As you may begin to suspect, Cimrman never existed. He was a product of the imagination of his two “discoverers” and continues to have a life because he has been a part of the imagination of the Czech people for more than forty years. Any Czech will tell you “Cimrman lives!” I saw it written on a wall, written by Cimrman himself.

Now there are plaques in some places saying “Cimrman Did Not Sleep Here” and “Cimrman Would Have Been Here, But He Was Late.” A group of “cimrmanologists” quote long passages from his plays and find new evidence of his many third-rate achievements. Someday, some say, Cimrman will be elected President. But only if the person with the third place in voting will be chosen.

I wanted to meet Cimrman. But I only saw him in the faces of the Czechs when they told me his stories.
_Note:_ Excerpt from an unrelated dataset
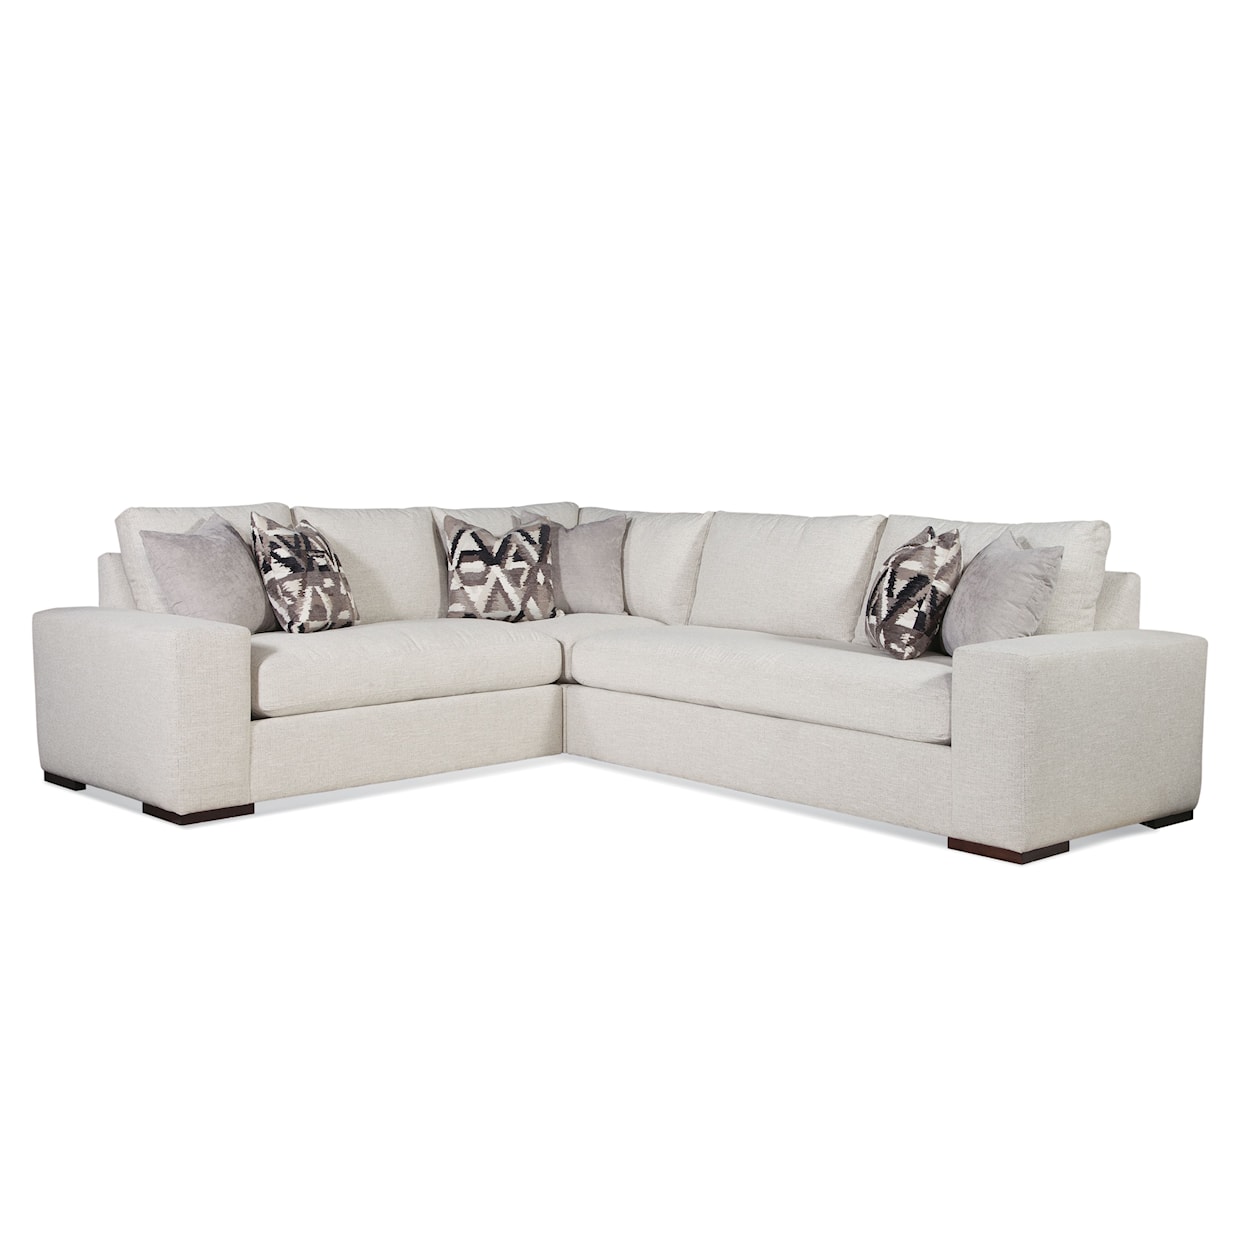 Braxton Culler Memphis Three Piece Bench Seat L Sectional

They could not keep from smiling and laughing when they told me the latest news: It has only recently been learned that this Czech hero is the great-grandfather of Bob Dylan, whose real name is Zimmerman. Now you know.

It is easy to like a people whose greatest national hero does not exist. They are all descendants of Cimrman, the father of the country.

__________________________

Often I am accused of exaggeration. Sometimes, I admit, I do embellish a story for the sake of the truth. There is a Czech joke that speaks to this matter. A man says to another man, “I had a blind date with a girl who was so ugly five chickens could perch in a row on her nose.” “No way,” says the other man, “You must be exaggerating.” “Well, OK,” says the first man, “the fifth chicken had to stand on one leg at the end.” A Cimrman story.
__________________________

When first I went to the Czech Republic ten years ago, an interpreter had to follow my English after every sentence. Now, most Czechs can understand my English. In fact, in the city of Brno one night I asked an audience “How many of you understand English?” The majority held up their hands. Then I asked, “How many of you do not understand English?” When the minority held up their hands, the rest of the audience laughed – how did these others know what I asked? Afterward, a man who held up his hand as one not understanding English told me, in English, “My group is the humble minority. We understand only slowly.” Relatives of Cimrman, no doubt.

Speaking of language and understanding, last Sunday I went a long way out of Prague to the deep woods of south Bohemia to speak to more than 1,000 Rover Scouts camping together at a special event. They were between the ages of 15 and 18. Boys and girls together, like the Adventure Scouts in the USA. They were all born after 1989 – after the Velvet Revolution and the fall of communism. Their parents had to learn Russian. Now they learn English – and did not need an interpreter. They came to an outdoor theater to hear me speak, but I said that I came to see them – the future of the Czech Republic, not the past.

In a question-and-answer period one Scout asked me how many languages I thought a person should speak. My answer: at least four:
First, the language of your own people and culture and history.
Second, the international language of your time – English.
Third, the world language of the human race – music.
Fourth, the language of the cosmos – which has no words, but only the
feelings of amazement and wonder that we are a part of the universe.

It is clear to me that the Czech Scouts speak all four languages well.
_____________________

My adventures with the Czechs were many. My new book of essays is at the top of the Czech bestseller list, so I met many, many Czechs at book signings, at theater events, and on the streets.

Over the next weeks I will tell you more stories from my experience with the Czechs. I will have proof of the truth of these stories because a documentary film was made about my trip, and the cameras were always with me. I will tell you about dancing with witches at midnight in a small town; about hitting a pig on the highway; about a little girl who demanded that I tell her a scary story; about a man who looks like me; about Czech policemen; and several other thoughts from notes I made while traveling to five Czech cities.
Perhaps I will also explain how a chicken can stand on one leg at the end of a girl’s nose. Cimrman told me.